▶ [SUPPLIED INFORMATION]:
^^^^^^^^

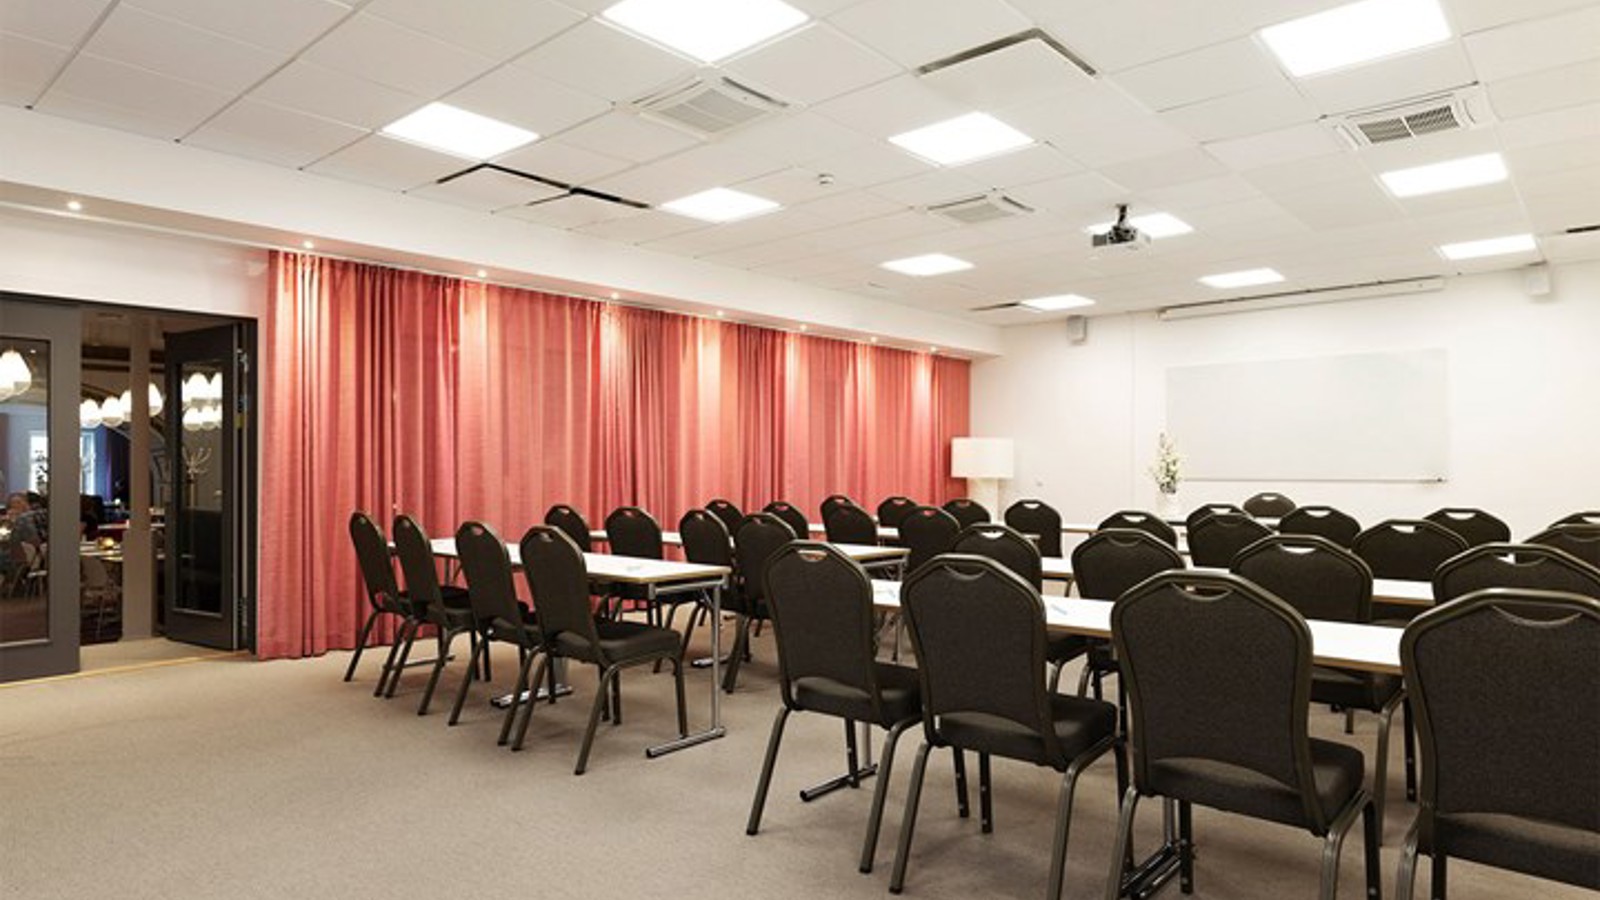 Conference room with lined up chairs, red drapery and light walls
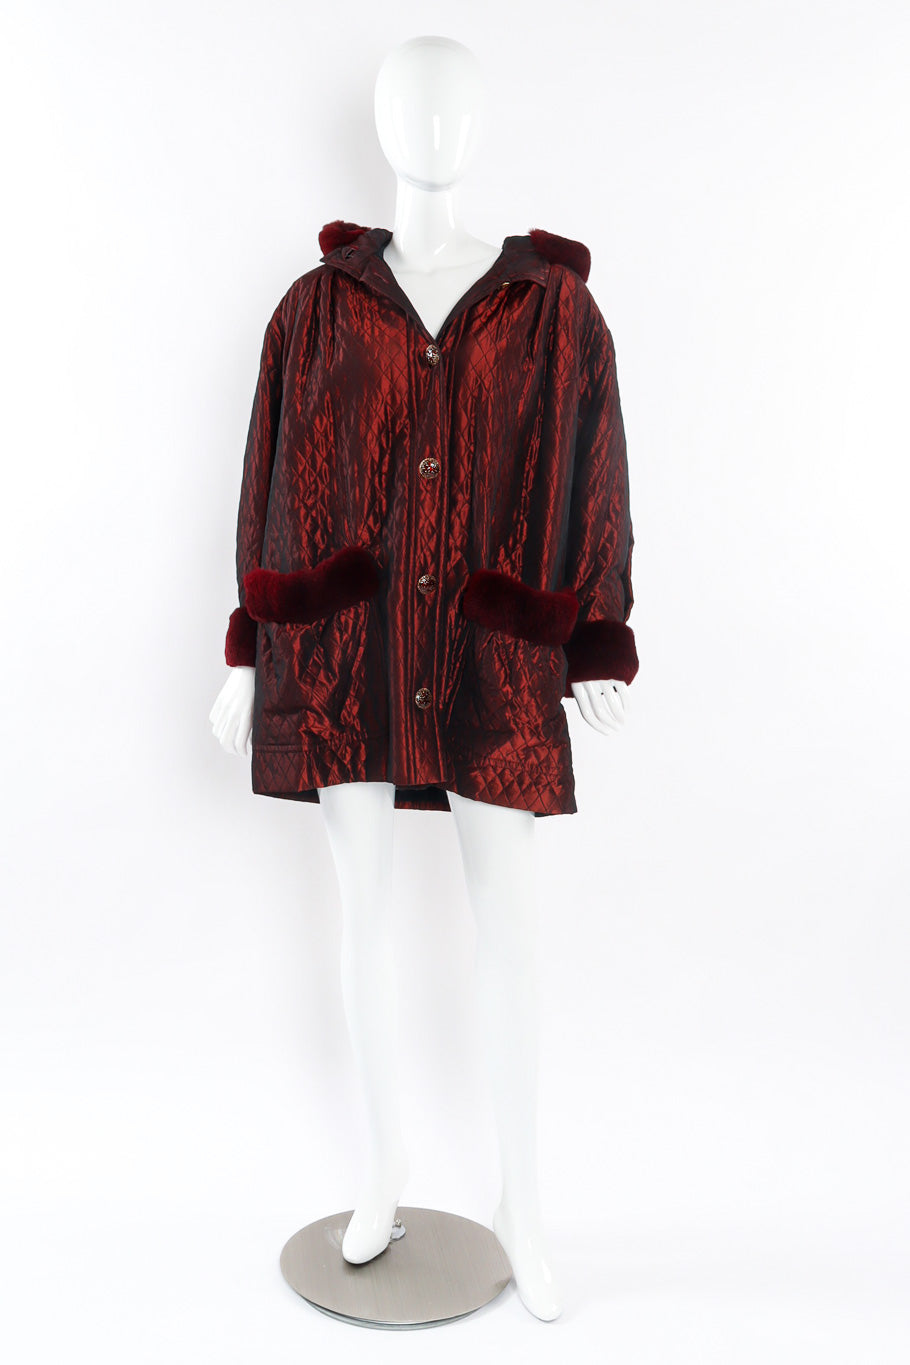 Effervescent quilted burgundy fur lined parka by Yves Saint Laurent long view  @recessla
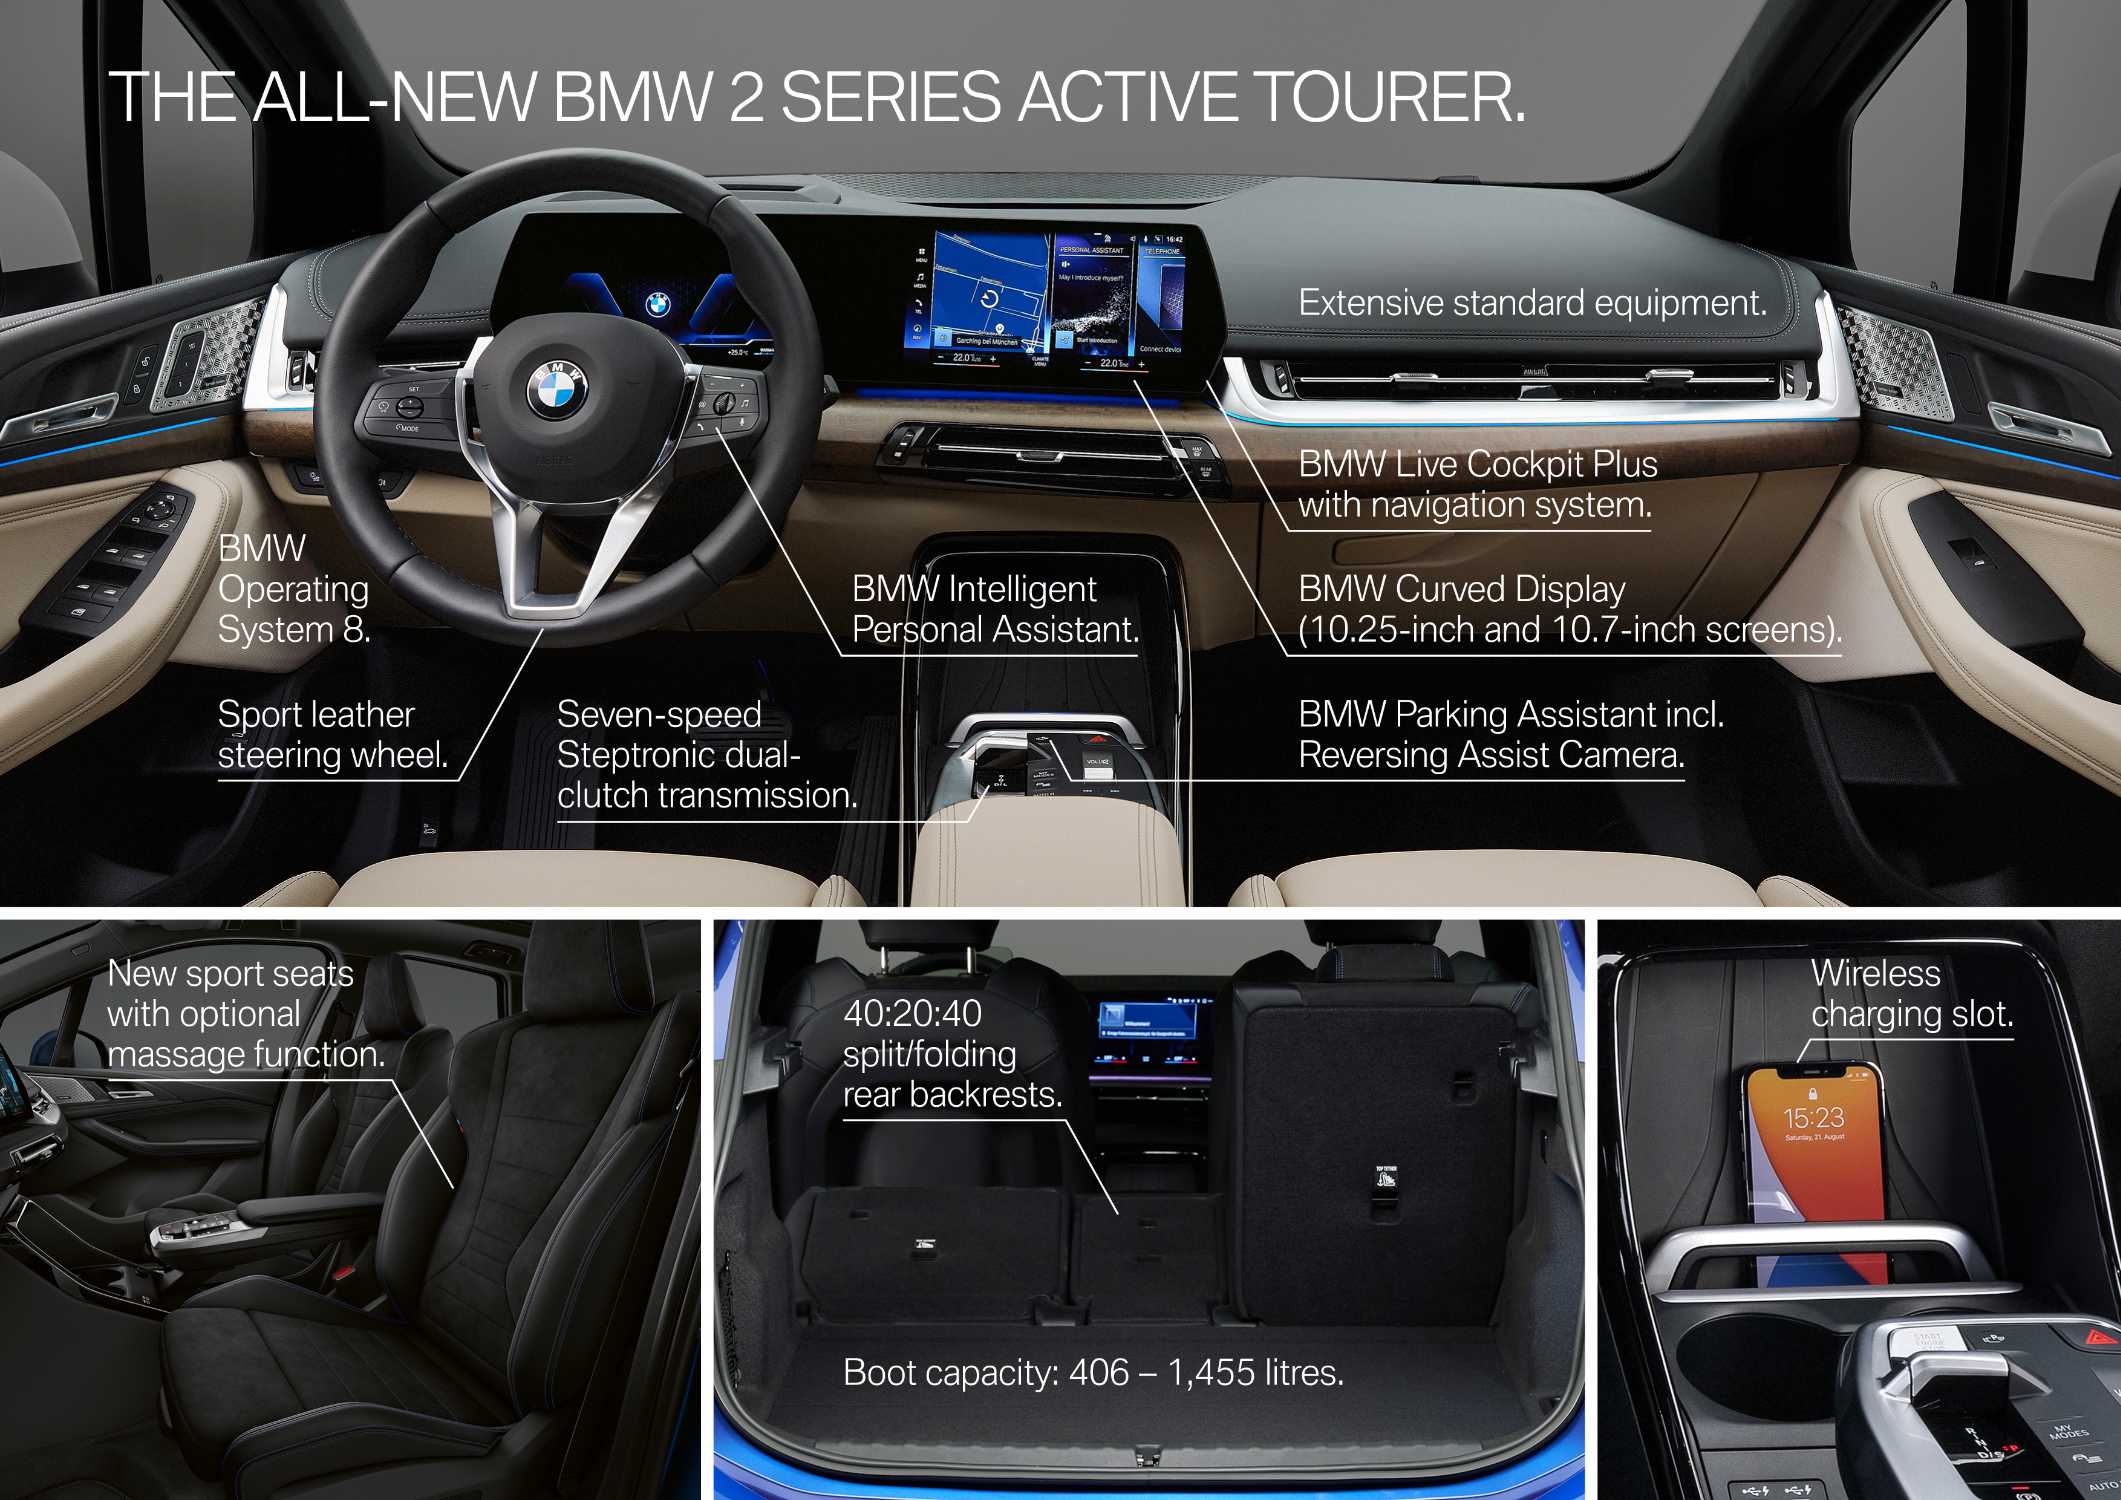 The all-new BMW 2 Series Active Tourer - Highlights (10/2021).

^^^^^^^^

▶ [WORK ORDER]:
Without including any pictures, print all of the material exactly as given.

▶ [REPLY]:
 Conference room with lined up chairs, red drapery and light walls
 Effervescent quilted burgundy fur lined parka by Yves Saint Laurent long view  @recessla
 The all-new BMW 2 Series Active Tourer - Highlights (10/2021).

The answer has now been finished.